# Experiment 001: Behavior-Cloning Baseline

**Date:** 2026-05-12  
**Commit:** `af06ee9`  
**Primary checkpoint:** `models/ppo_sts_bc.pt` (local artifact, intentionally gitignored)  
**Source artifacts:** `logs/bc_stats.csv`, `logs/bc_train_stats.csv`, `logs/eval_stats.csv`  
**Public snapshot:** [docs/experiments/index.json](index.json)

## Purpose

Establish the supervised warm-start baseline before PPO fine-tuning. The behavior-cloning policy imitates the project heuristic across full-game demonstrations so PPO starts from a legal, game-progressing policy instead of random exploration over the 134-action masked action space.

## Run Configuration

| Field | Value |
|---|---:|
| BC collection rows | 410 games across 3 collector runs |
| Supervised training samples | 86,297 |
| Train / validation split | 77,667 / 8,630 |
| Final epoch | 41 |
| Learning rate | 0.0005 |
| Batch size | 256 |
| Weight decay | 0.00001 |
| Label smoothing | 0.02 |
| Patience | 12 |
| Hardware notes | Windows 11 workstation, Ryzen 7 9800X3D, 32 GB RAM, Radeon RX 9070 XT |

The tracked repository does not include raw checkpoints or logs.

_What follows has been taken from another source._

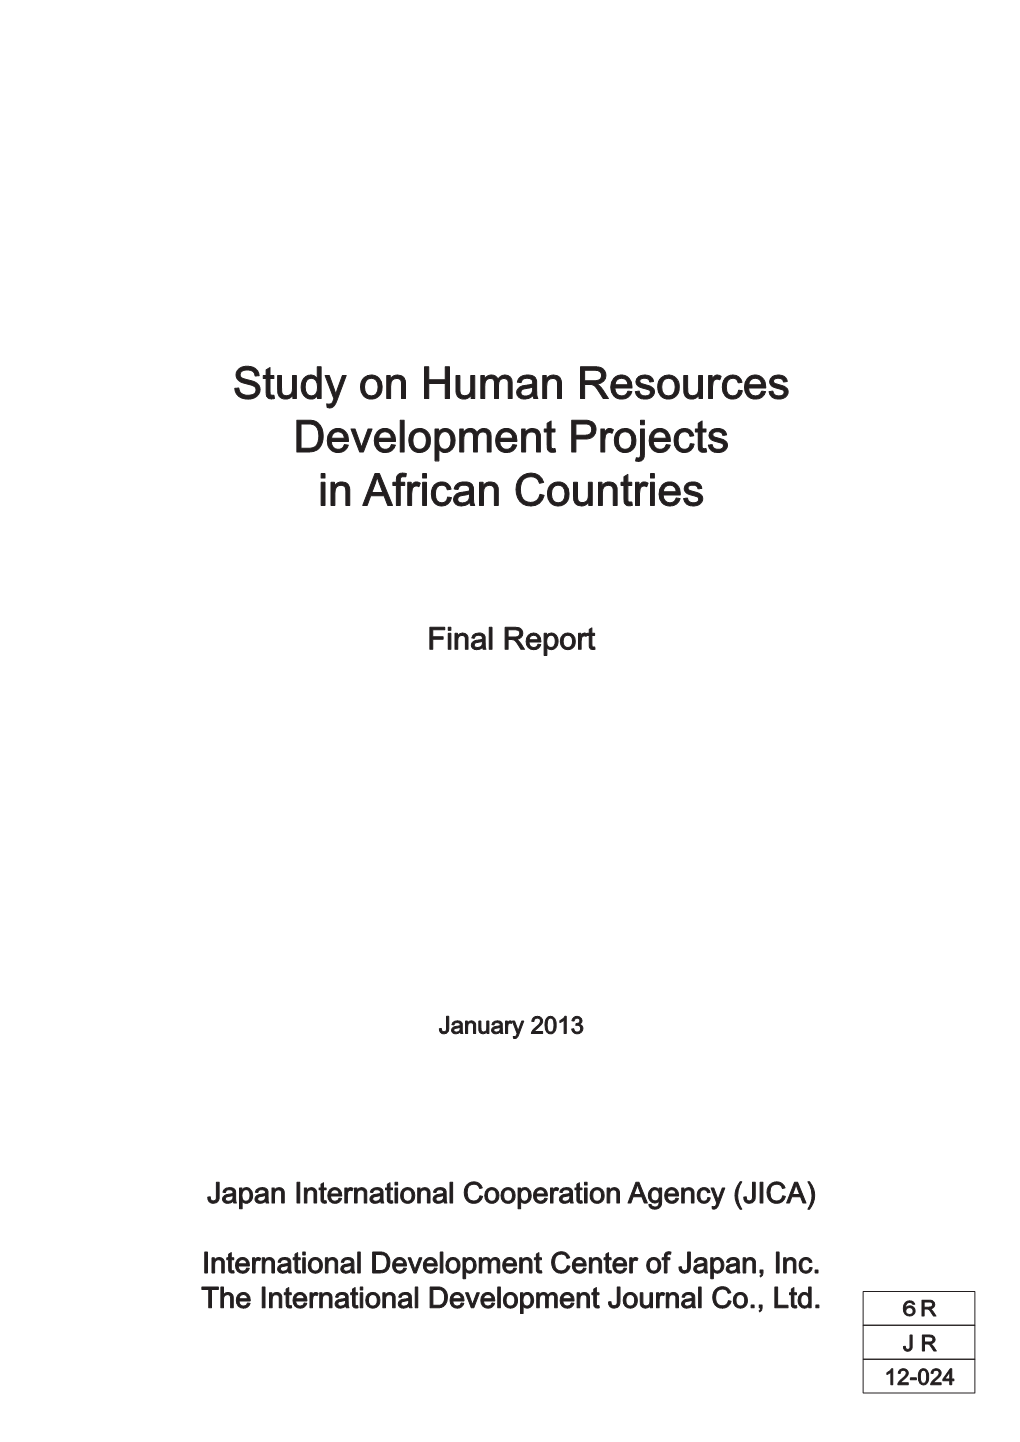 Study on Human Resources Development Projects in African Countries

Those remain local runtime artifacts under `models/` and `logs/`; this report records the publishable summary.

## Supervised Training Result

| Metric | Value |
|---|---:|
| Validation accuracy, first epoch | 77.068% |
| Validation accuracy, final epoch | 84.948% |
| Best validation loss | 0.395827 |
| Choice accuracy | 84.172% |
| Targeted-card accuracy | 83.891% |
| End-turn accuracy | 99.825% |

## BC Collection Outcome Snapshot

The most recent complete collector slice contained 134 games.

| Metric | Value |
|---|---:|
| Average final floor | 15.43 |
| Win rate | 0.0% |
| Act 2 reach rate | 21.6% |
| Floor 20+ rate | 19.4% |
| Elite fights / wins | 169 / 142 |
| Boss fights / wins | 83 / 29 |

## Fixed-Seed Evaluation

Evaluation used the first 25 seeds from `seeds/eval_200.txt`.

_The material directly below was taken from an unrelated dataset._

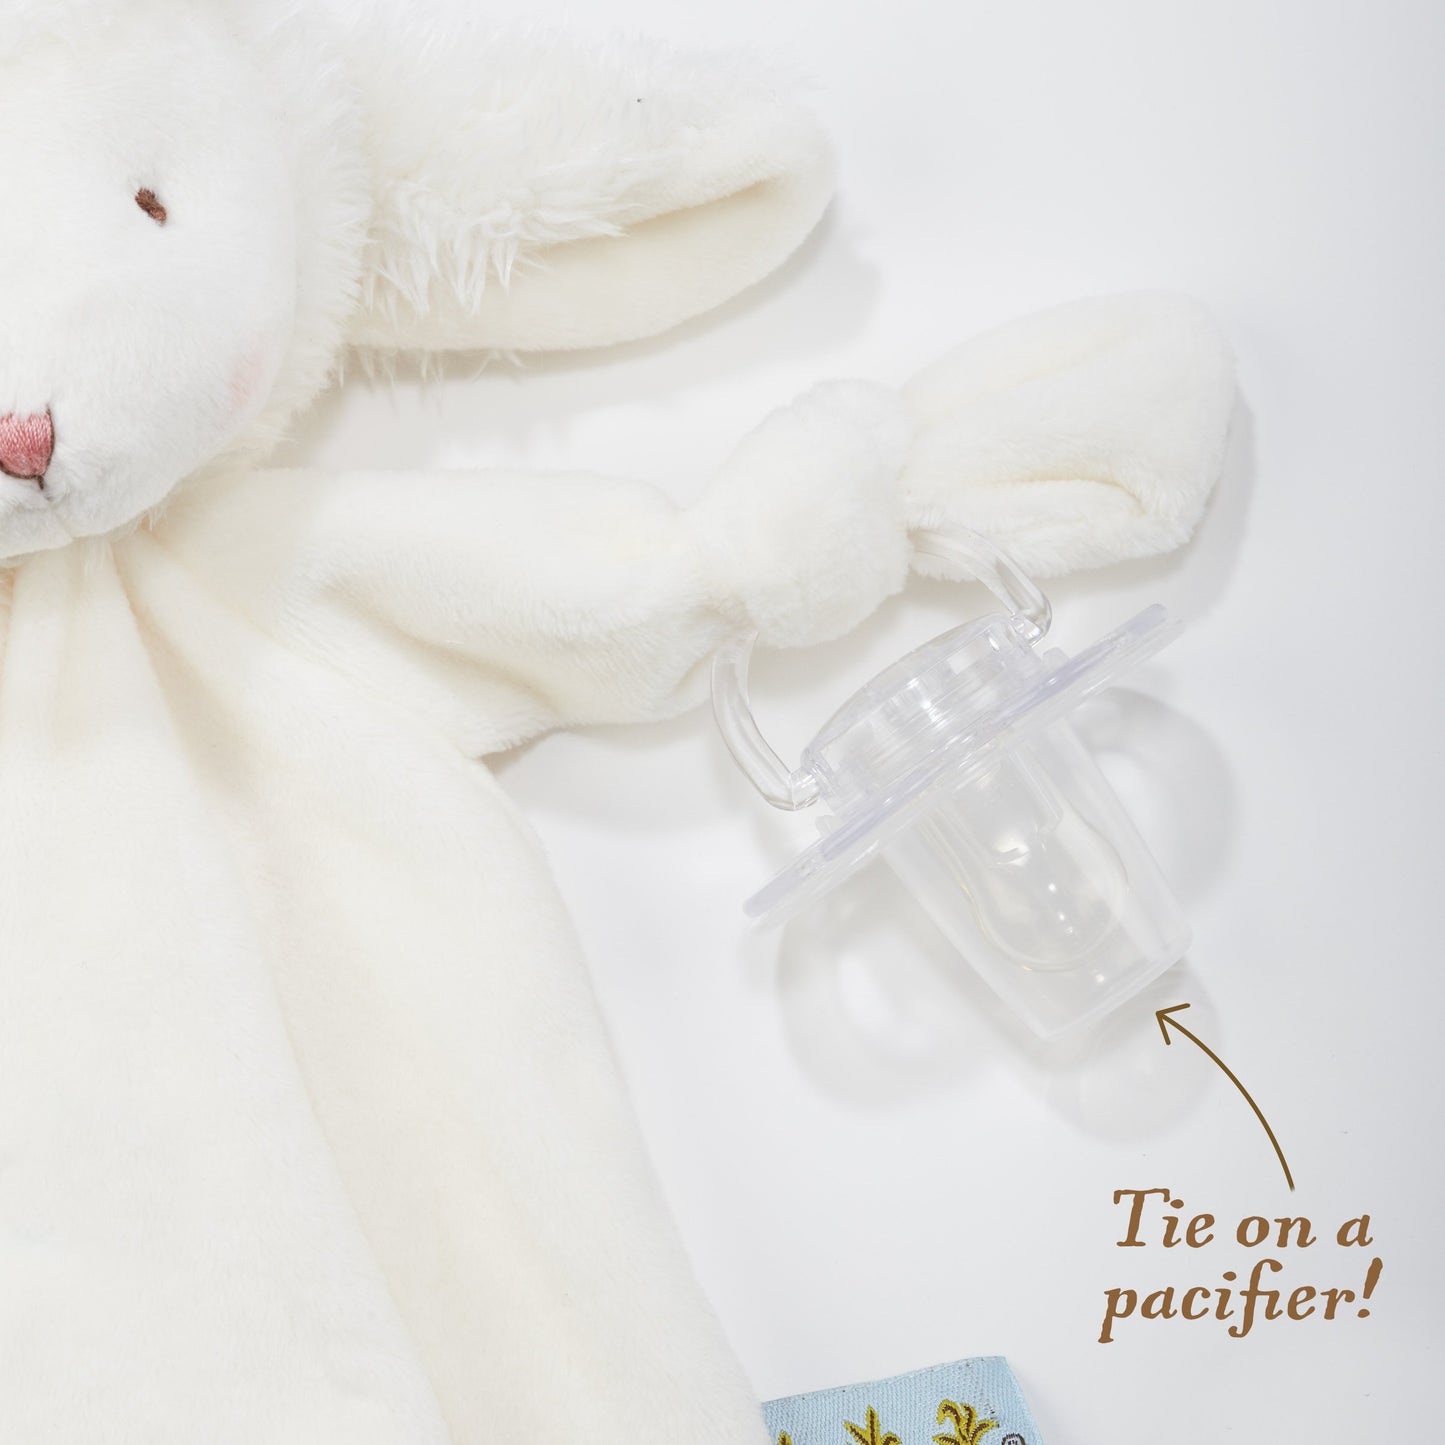 Bloom Bunny Knotty Friend Pacifier Holder

| Policy | Games | Avg floor | Avg reward | Win rate | Act 2 reach | Floor 20+ | Elite W/L | Boss W/L |
|---|---:|---:|---:|---:|---:|---:|---:|---:|
| Heuristic | 25 | 16.60 | 11.38 | 0.0% | 32.0% | 32.0% | 27/33 | 8/18 |
| BC checkpoint | 25 | 13.08 | -0.62 | 0.0% | 12.0% | 12.0% | 25/32 | 3/10 |

## Interpretation

The BC model learned a usable policy over the action surfaces, with validation accuracy near 85% and strong end-turn recognition. On the 25-seed evaluation slice it still trailed the source heuristic on floor depth, reward, Act 2 reach rate, and boss conversion. This is expected for a first warm start: the model is competent enough to launch PPO but has not yet exceeded the heuristic that generated the data.

## Next Action

Use the BC checkpoint as the initialization for parallel PPO, then evaluate the PPO checkpoint on the same seed file after each material training interval. The immediate success criterion is not win rate; it is PPO matching and then exceeding the BC fixed-seed floor/reward metrics without increasing invalid-action or stale-rollout rates.